*** DATASET CONTENT
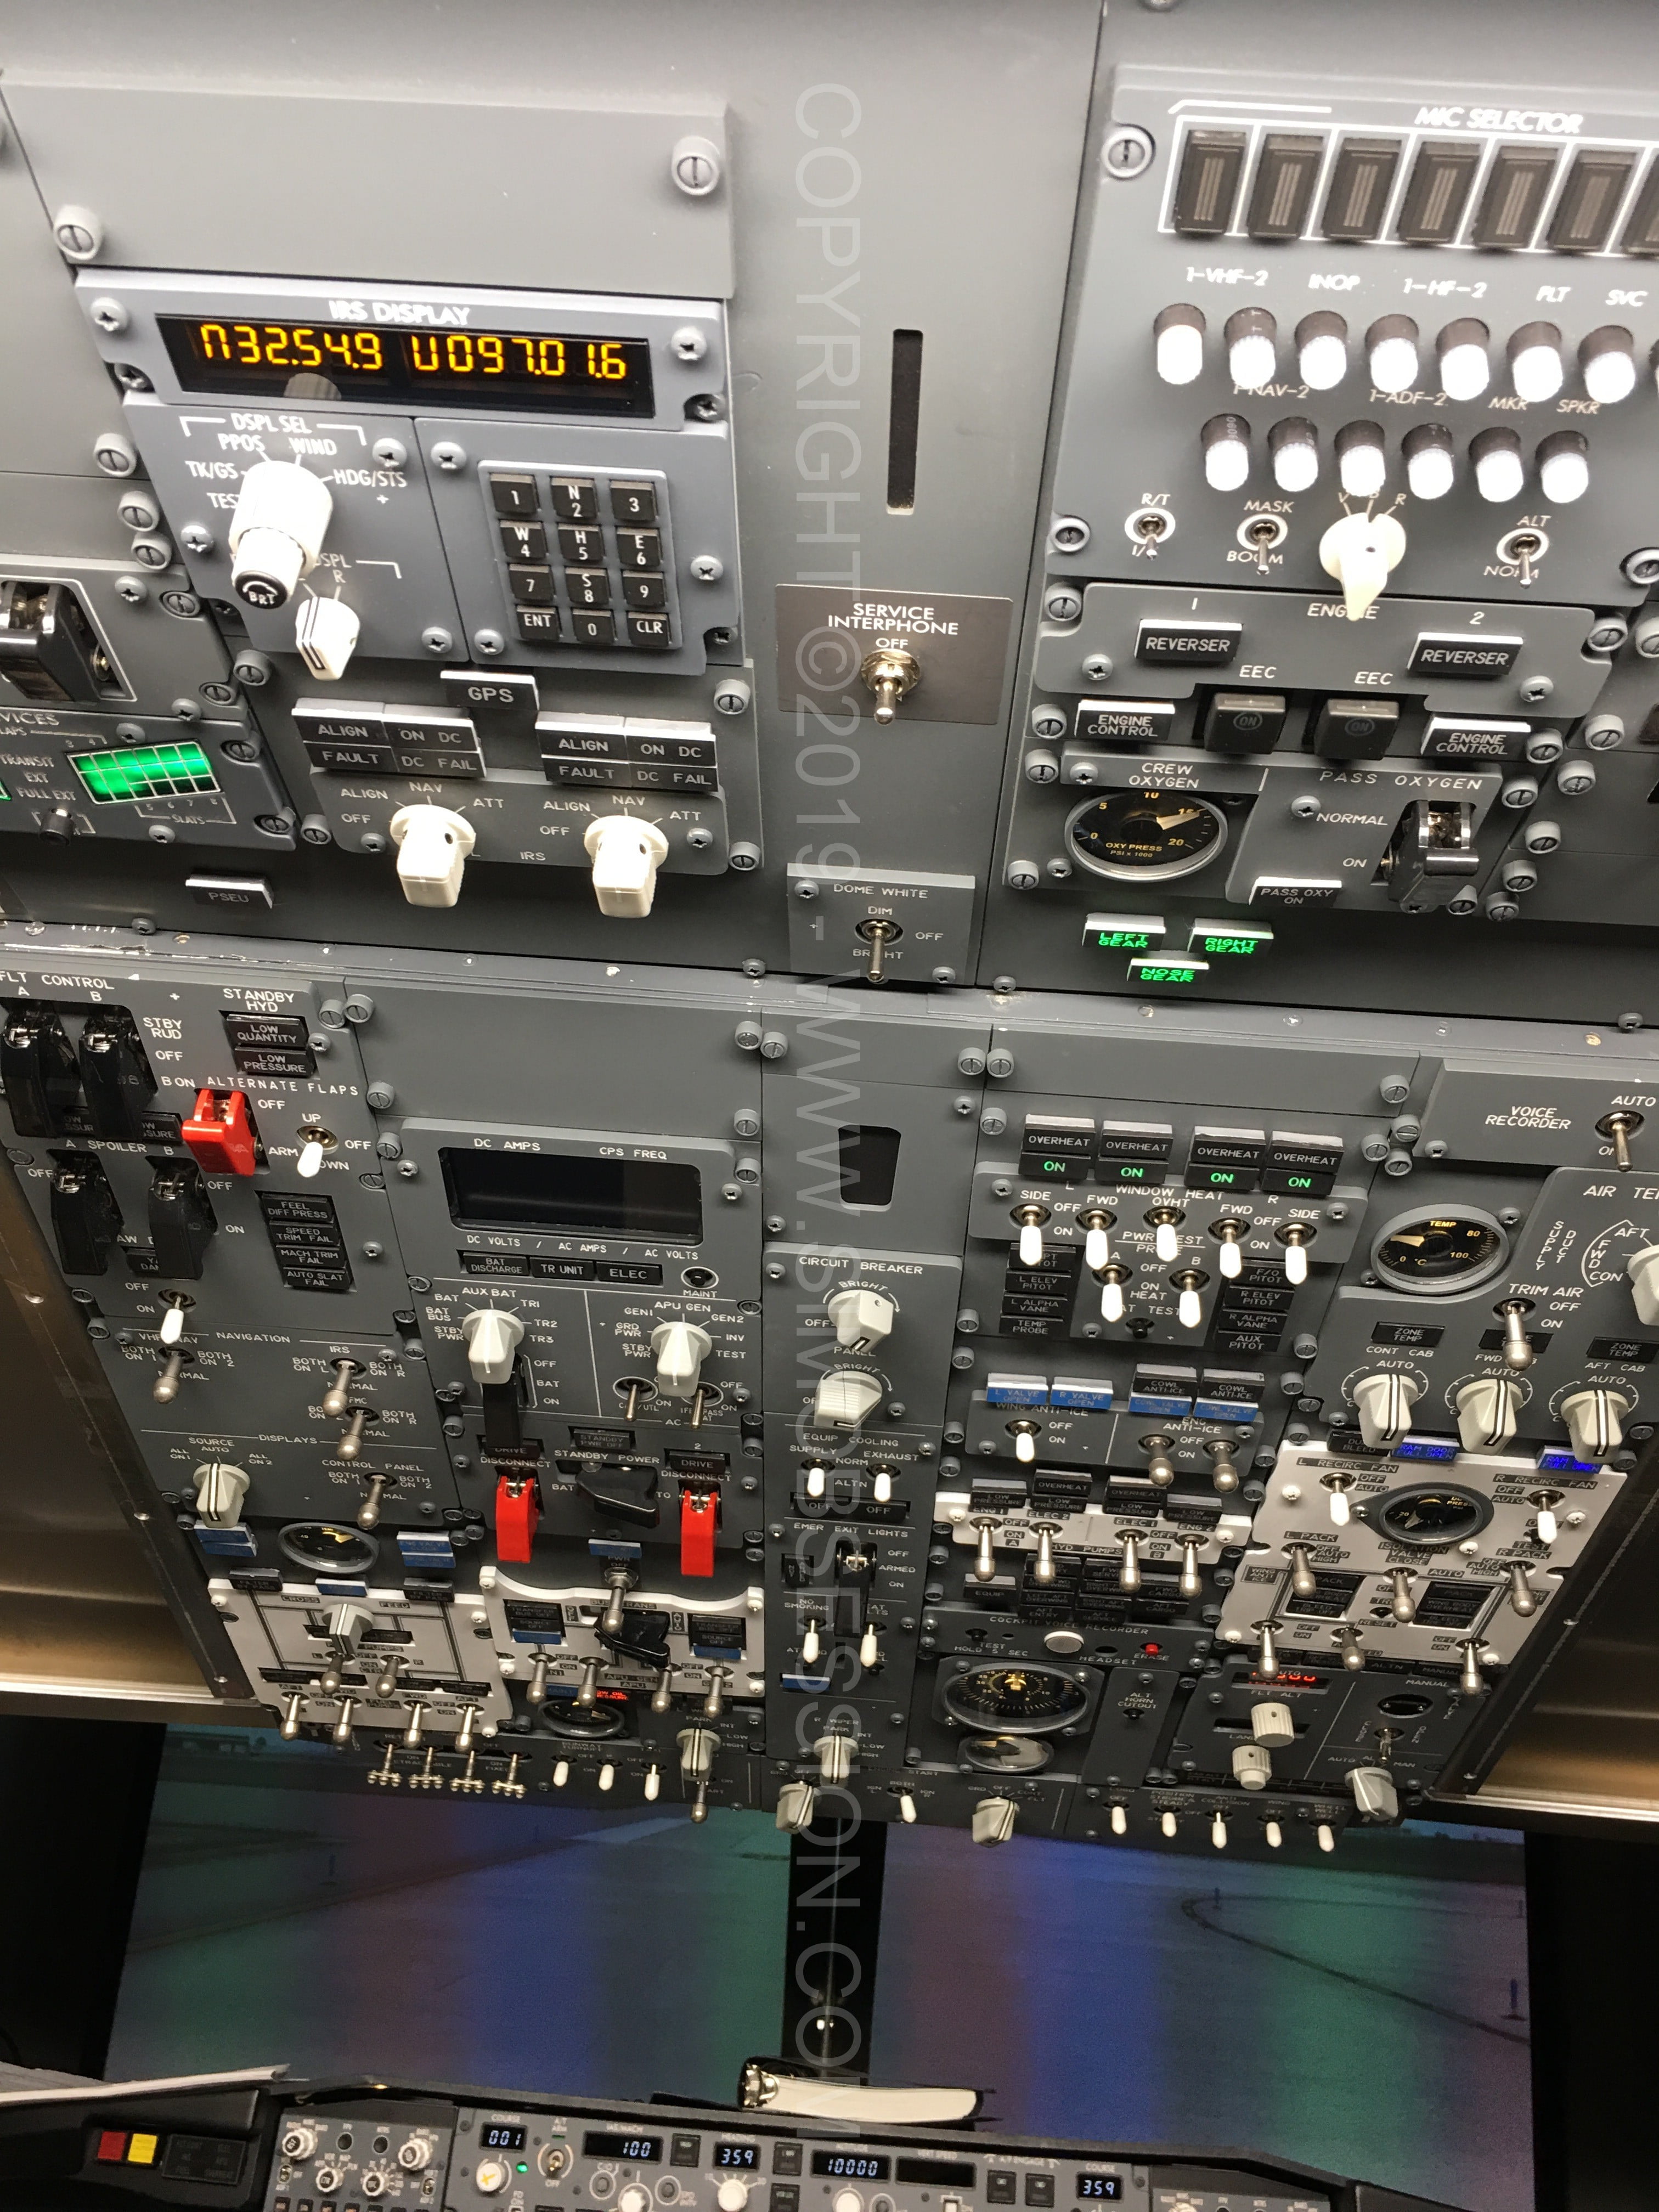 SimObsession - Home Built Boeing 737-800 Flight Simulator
******
*** DATASET CONTENT
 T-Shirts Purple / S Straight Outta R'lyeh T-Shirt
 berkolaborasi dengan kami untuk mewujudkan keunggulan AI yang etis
******
> EXERCISE DIRECTIONS: Everything from the line with "T-Shirts Purple /" through the line with "berkolaborasi dengan kami" should be written out exactly as it appears above, end lines included, and nothing outside that range.

> YOUR RESPONSE:
 T-Shirts Purple / S Straight Outta R'lyeh T-Shirt
 berkolaborasi dengan kami untuk mewujudkan keunggulan AI yang etis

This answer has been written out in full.